Personal information
- Nationality: TUR
- Born: 22 January 2003 (age 23)
- Home town: Buca, Turkey
- Education: Ege University

Sport
- Sport: Athletics
- Events: 400 metres hurdles 400 metres
- Club: Galatasaray Athletics
- Coached by: Güner Güngör

Achievements and titles
- National finals: 2021 Turkish Indoors; • 300 m, 3rd ; 2021 Turkish U20s; • 400 m hurdles, 2nd ; • 200 m, 2nd ; 2021 Turkish Champs; • 400 m, 8th; 2022 Turkish Indoors; • 400 m, 1st ; 2022 Turkish Champs; • 400 m, 1st ; • 400 m hurdles, 1st ; 2023 Turkish U23s; • 400 m hurdles, 1st ; • 400 m, 1st ;
- Personal bests: 400 mH: 48.72 NU23R (2023) 400 m: 45.83 NU20R (2022) 400 m sh: 46.76 NU20R (2022)

Medal record
Men's athletics
Representing Turkey
European Championships
| Bronze medal – third place | 2026 Birmingham | 400 m hurdles |
World University Games
| Gold medal – first place | 2023 Chengdu | 4 × 400 m relay |
| Silver medal – second place | 2023 Chengdu | 400 m hurdles |
| Bronze medal – third place | 2025 Rhine-Ruhr | 4 × 400 m relay |
Islamic Solidarity Games
| Bronze medal – third place | 2025 Riyadh | 400 m hurdles |
Mediterranean Games
| Gold medal – first place | 2026 Taranto | 4 × 400 m relay |
| Gold medal – first place | 2026 Taranto | 4 × 400 m mixed relay |
| Silver medal – second place | 2026 Taranto | 400 m hurdles |
| Bronze medal – third place | 2022 Oran | 4 × 400 m relay |
Balkan Indoor Championships
| Gold medal – first place | 2021 Istanbul | 4 × 400 m relay |
| Silver medal – second place | 2022 Istanbul | 400 m |
| Bronze medal – third place | 2022 Istanbul | 4 × 400 m relay |
European U23 Championships
| Gold medal – first place | 2023 Espoo | 400 m hurdles |
| Silver medal – second place | 2023 Espoo | 4 × 400 m relay |
| Silver medal – second place | 2025 Bergen | 400 m hurdles |
World U20 Championships
| Gold medal – first place | 2022 Cali | 400 m hurdles |

= İsmail Nezir =

Turkish hurdler and sprinter (born 2003)

İsmail Nezir (born 22 January 2003) is a Turkish hurdler and sprinter. He was a part of the Turkish record-holding 4 × 400 m relay team, and he won the individual gold medal at the 2022 World U20 Championships in the 400 m hurdles. Lastly, he won bronze medal in the 2026 European Athletics Championships.

==Biography==
Nezir is from Buca, Turkey. He is part of the Galatasaray Athletics club, where he is trained by Güner Güngör.

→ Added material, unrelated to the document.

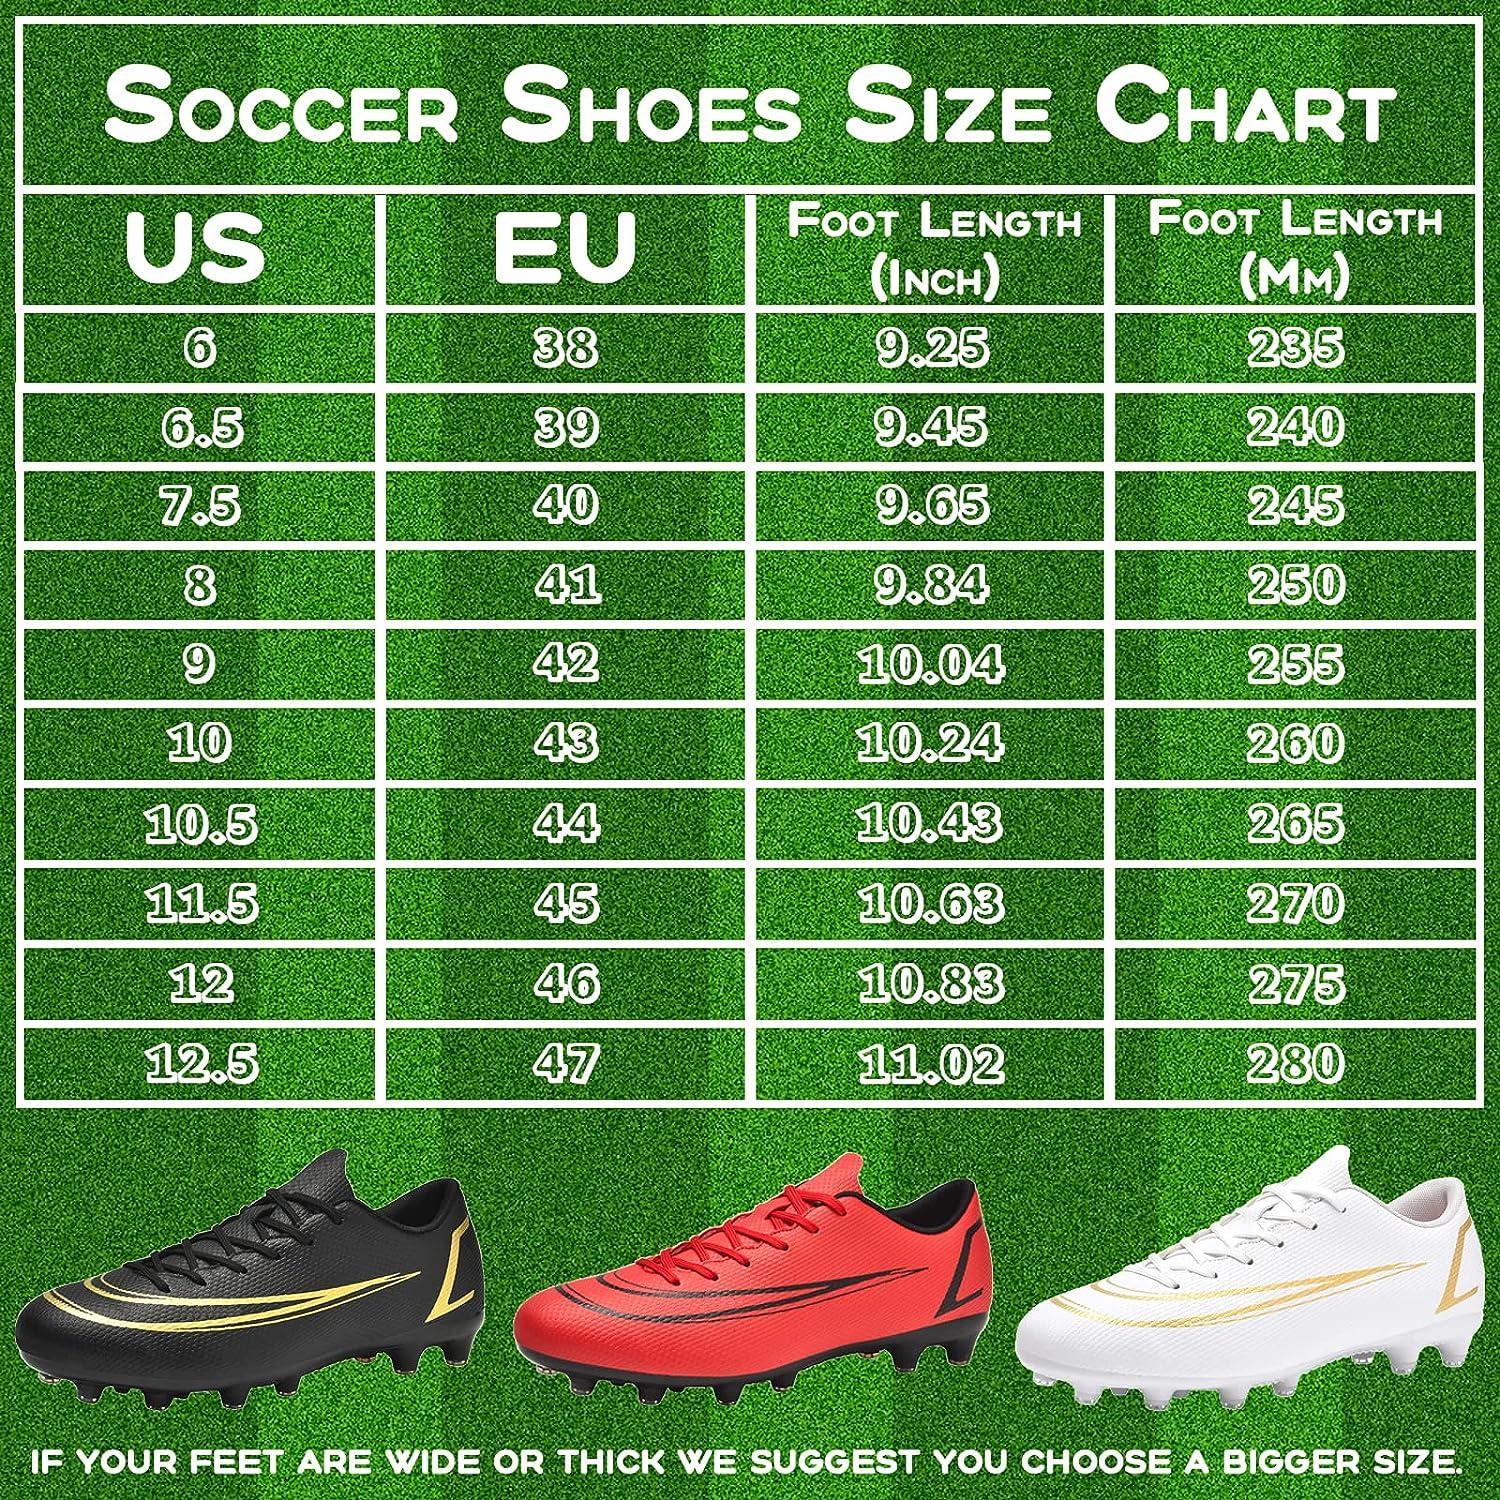 Top Quality Soccer Cleats Men Custom Soccer Shoes Football Boots

Nezir gained his first international experience in 2021, when he won the bronze medal in the 400 metres in 49.05 seconds at the U20 Balkan Indoor Championships in Sofia and won the gold medal with the Turkish 4 × 400 m relay team in 3:18.11. He then won the relay again in 3:13.70 at the 2021 Balkan Athletics Indoor Championships in Istanbul. In July, he competed in the 400 metres hurdles at the 2021 European Athletics U20 Championships and was eliminated in the semi-finals with a time of 51.51 seconds.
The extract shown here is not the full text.